Originally, the documents from Henry VIII's reign may have been nearly sorted, especially where the papers were securely bundled and had endorsements of their regnal year and session.

Subsequent boxing seems to have placed physical compatibility before chronology. It may safely be said that PL 21/5 covers 30-38 Henry VIII, though parts of 33 and 36 Henry VIII are in PL 21/4. The latter piece contains, roughly, pleas from 26 to 29 Henry VIII. PL 21/3 concentrates on 21 to 25 Henry VIII, despite one lapse each way. PL 21/2 ranges from 10 to 21 Henry VIII. It is tempting therefore to conclude that PL 21/1 was intended for the early years of the reign, though the more easily dated documents are again from the second decade of it.

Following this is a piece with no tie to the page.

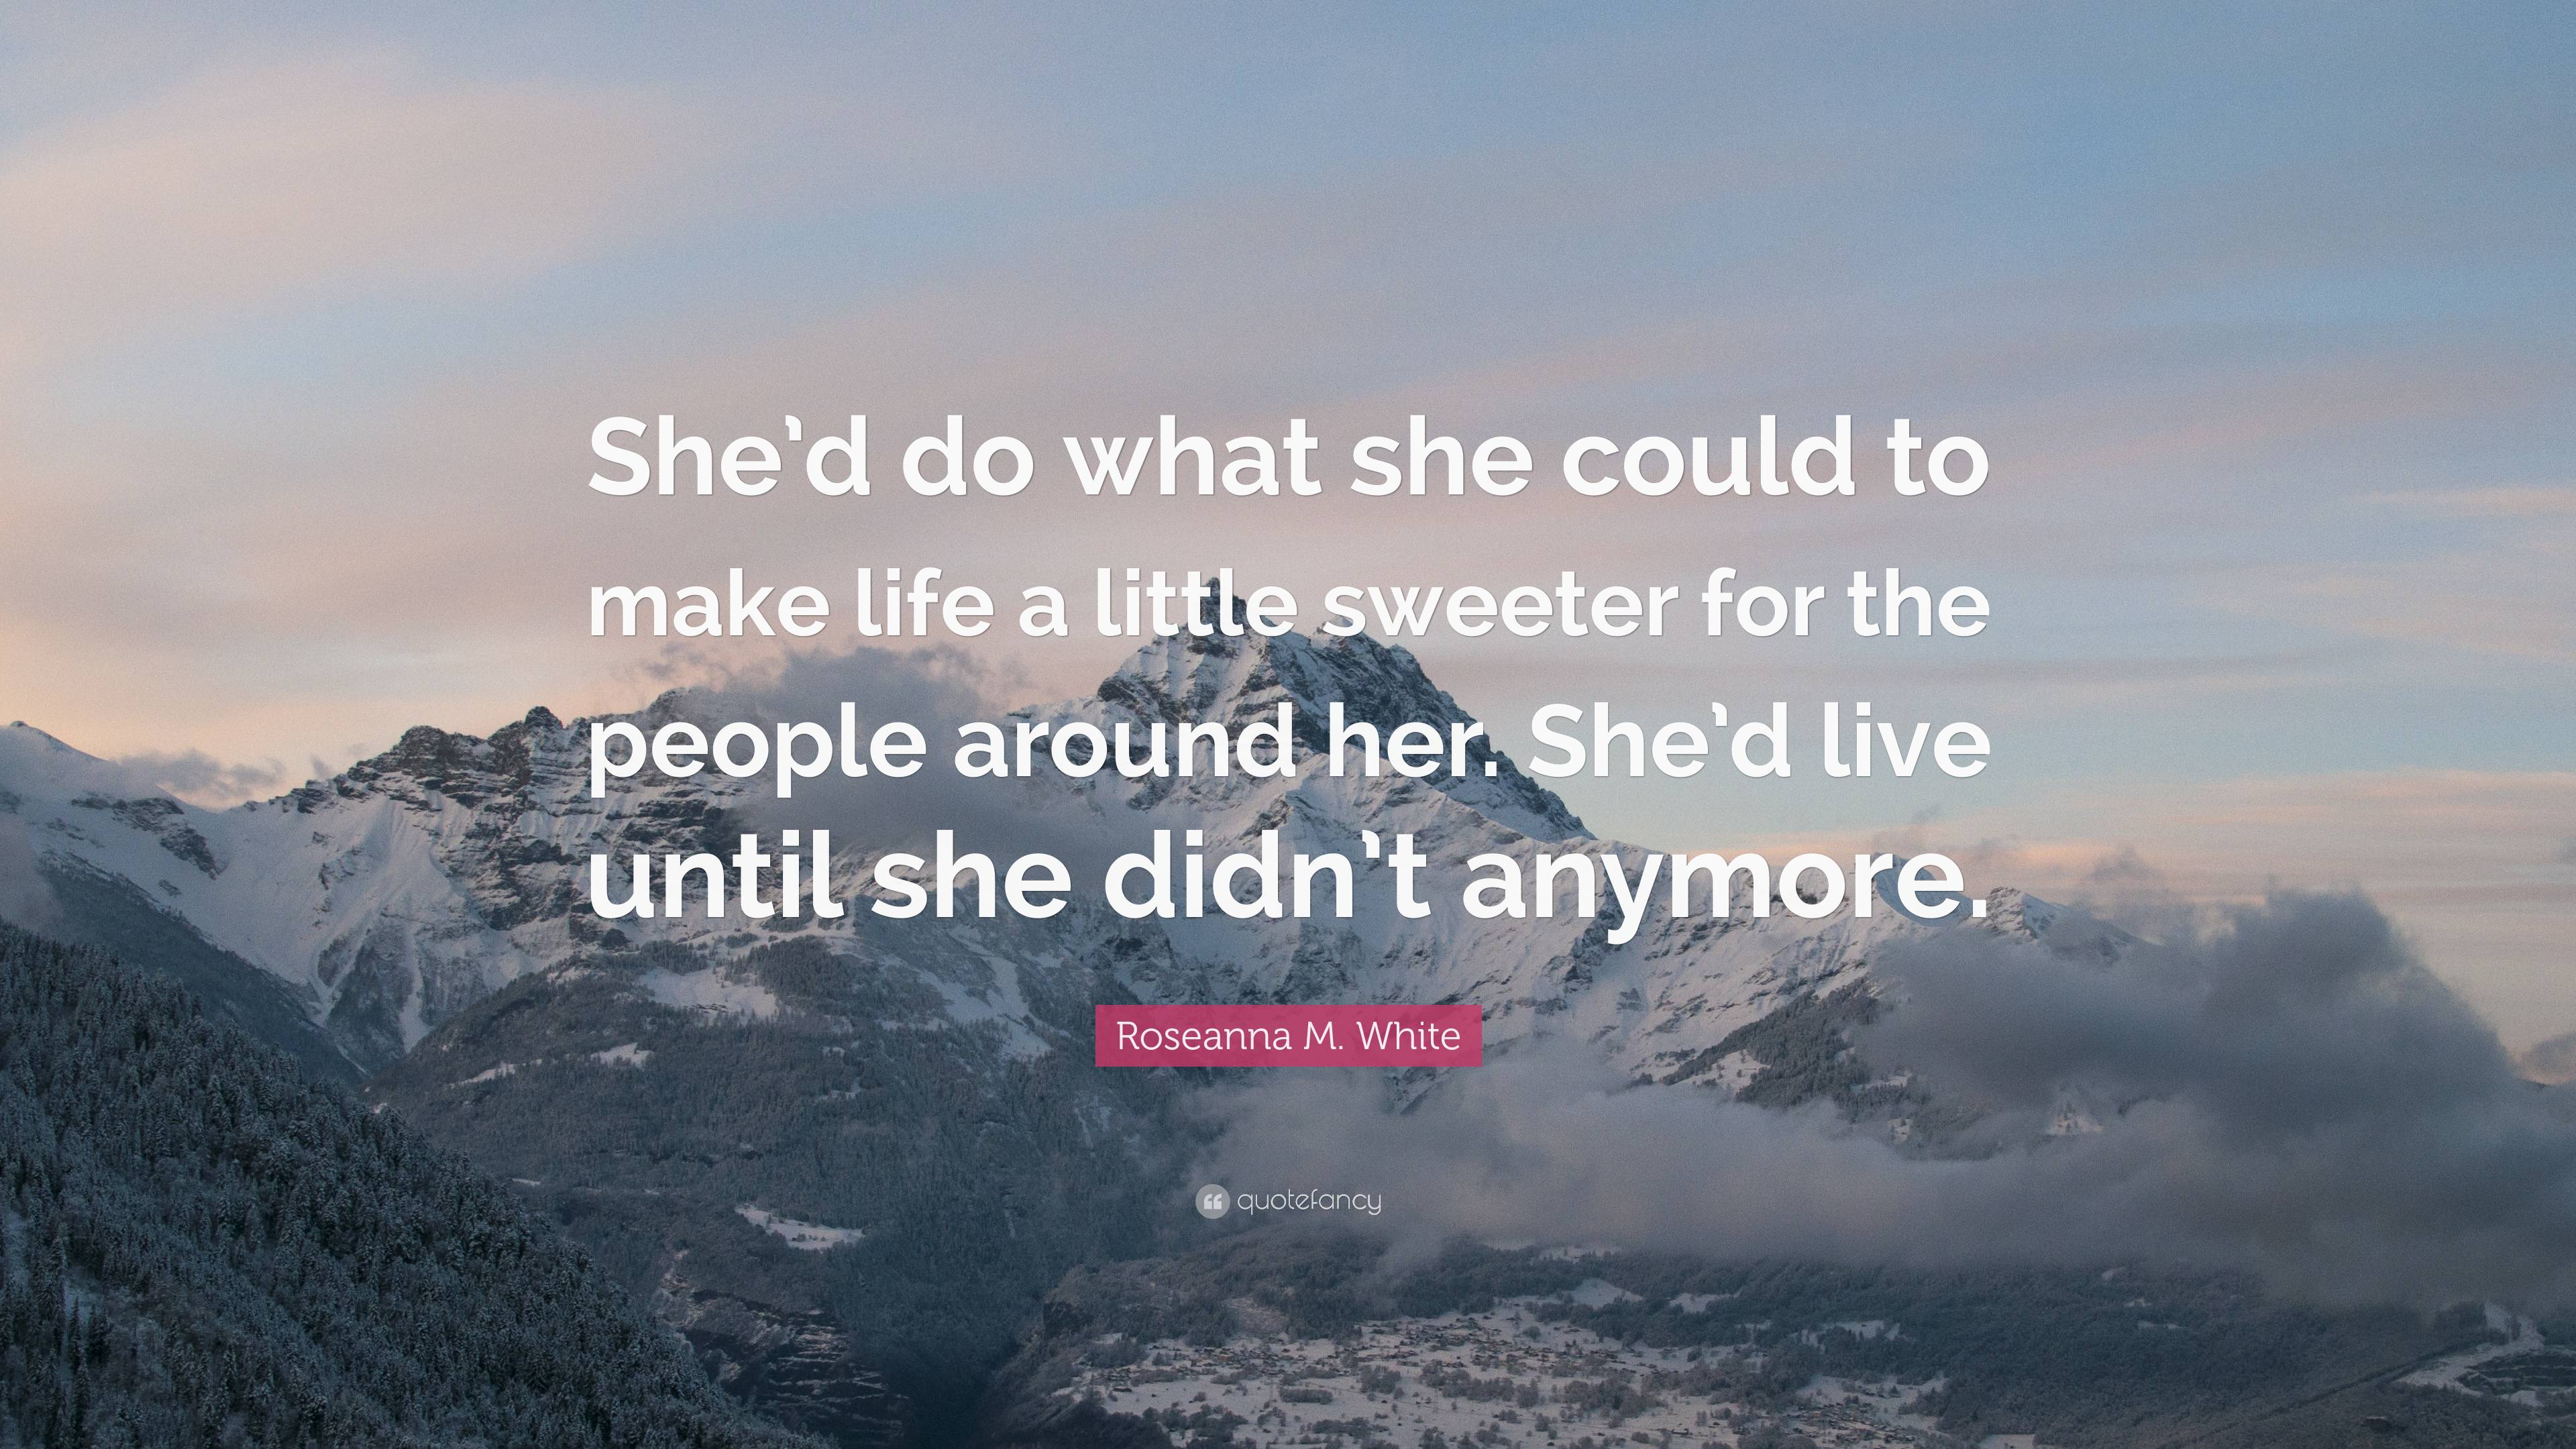 Roseanna M. White Quote: “She’d do what she could to make life a little ...

PL 21/37, like PL 21/41, mixes Interregnum documents with others dating from Charles II's reign, but the latter are confined to one of 1661 and a bill of costs extending from 1657 to August 1660.

Bills of costs will be found in most of the Interregnum pieces, PL 21/31-37. While PL 21/31-36 retain their sessional files, PL 37, again like PL 21/41, is mostly defiled, and contains samples of several sessions: Lent and August 1654, Lent 1655, Lent 1657, Lent and Summer 1658, and Summer 1659. Some of these sessions are represented by files in the preceding pieces.

PL 21/41 has samples from Lent and August 1654, Lent 1655, Lent 1656 and Lent 1658. Both these pieces contain partly decayed documents, though they are in better condition than many of those for James I's reign.

All the declarations are numbered. Defendants' pleas may appear at the bottom left or right, whereas in the next century they are on the right only.

From 1727 to 1776 the two files for a regnal year are usually boxed together, in the fashion indicated in the series list for the years 1776 to 1810. After 1826 one file per session becomes the standard. After 1788, with the declarations removed, the files are reduced for the most part to uniform collections of affidavits, and bail bonds are the commonest document.

Separated material:

Four pye books indexing affidavits, 1811-1838, are mentioned in the PRO Guide, 1908 edition, but they have not been traced.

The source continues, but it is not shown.